A few months ago, a friend and I had an opportunity to share at a women’s gathering. The topic of the evening was missions.
Afterwards, I put together a list of ways to encourage Christian missionaries, based on our discussion that night. I posted a condensed version of this list on my blog, and “How to encourage Christian missionaries” happens to be the most searched phrase for hits on my blog.
I, for one, was very encouraged by knowing that people are eager to know how they can better support and uplift those serving in foreign contexts. I hope these suggestions are helpful, and would love to hear your input and other ideas, too!
1. Read Their Updates
Like, actually read them. If your life is anything like mine, I realize there are multiple sources vying for your attention at any given moment: kids to feed, e-mails to read, work to be done. Believe it or not, most missionaries are just as busy as you are, if not more so. Yet they make an effort to carve out time to type and send an update, often with limited internet availability. The least we can do is set aside a few minutes to read about what the Lord is doing in their lives and on the field.
2. Reply to Their Updates
Reply to their newsletters, even if it’s just one line, to say, “Thanks for the update.” Having been on the other side of the communication for years when I was the one in the foreign context, it meant so much to me just to get a quick response that said, “Thanks for the news! Praying for you!” Don’t wait until you have half an hour to write a mini-novel, if it means you’ll never respond.
3. Pray for Them
Set aside a specific time, maybe one evening a week, that is specifically designated for praying for certain missionaries and their work. In our home, we designate Saturday evenings to pray for church services the following day, for pastors who will be preaching, etc. On Mondays, we pray for missionaries. The kids know this routine, and look forward to hearing news from various friends we have on the field.
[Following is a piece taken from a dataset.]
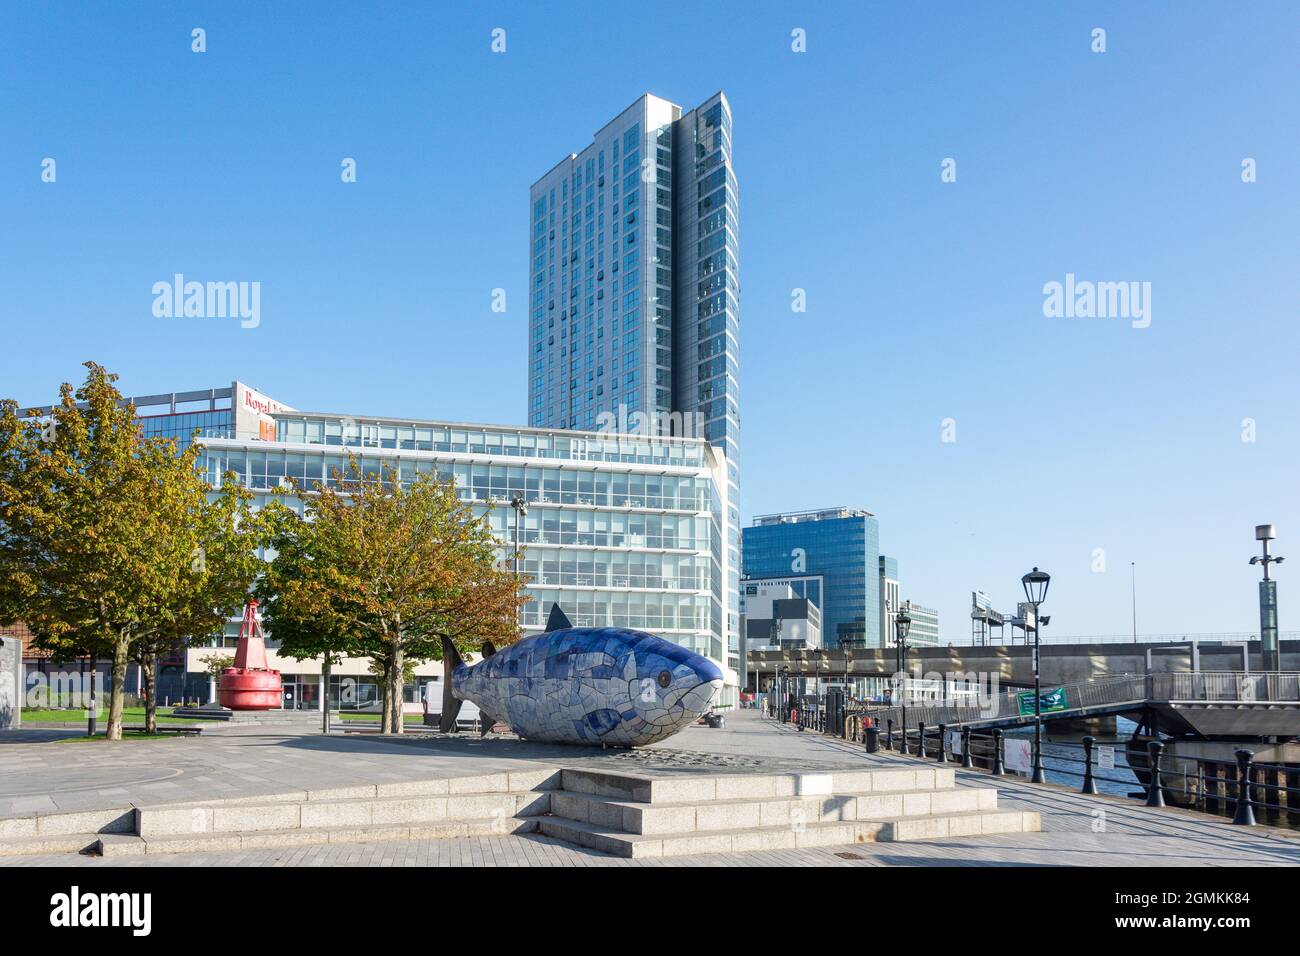 The Salmon of Knowledge (The Big Fish) and The Obel high-rise building, Donegall Quay, City of Belfast, Northern Ireland, United Kingdom Stock Photo

4. Tell Them You’ve Prayed
If you have prayed for them, tell them. It can be encouraging to hear, “I’ll pray for you,” but how much more so to hear, “Our family prayed for you last night,” or “Our Bible study group prayed for you at our last meeting.”
5. Send Something Tangible
Send them a birthday card, care package, magazines from home, books you’ve enjoyed, or treats they can’t get on the field. I must admit, care packages were major highlights for me when I was serving in South Africa. Particularly when they included bags of chocolate chips.
6. Recommend Missionary Biographies
Recommend missionary biographies that might be an encouragement to them. The mission field can be a spiritually dry place (or even oppressive)! Several missionary friends of mine have commented on how motivating and inspiring it is to hear stories of those who have gone before, carried the torch, and persevered.
7. Share Spiritual Food
Share snippets of spiritual food you have enjoyed — a verse that encouraged you during your quiet time, or an anecdote from a sermon that made you think of them. Again, it doesn’t have to be lengthy — just a line or two so they know you’re thinking of them. You never know how the Lord might use those nuggets of truth at just the right time.
8. Be a Sounding Board
Be willing to be a sounding board, a confidential source to whom they can vent and on whom they can rely when things are challenging.
9. Remind Them It’s Okay to Rest
Let them know it’s okay to take vacations, both on the field and on furlough. Not only okay, but essential. In fact, you might even consider sponsoring them to have a proper holiday that they might not otherwise afford.
10. Give Their Kids Grace
Give their kids grace when they’re on furlough. The whirlwind of meetings, houses, people, services, food, conversations, adjustments, etc. etc. etc., can take a huge toll on adults and kids.
11. Listen to Their Stories
12. Pray Some More
13. Visit if You Can
And an added bonus, straight from a friend on the field, “Of course, the absolute cherry on the cake would be coming to visit us!”
[Editor’s Note: A shorter version of this post appeared on the blog, Heading Home, in March 2014.]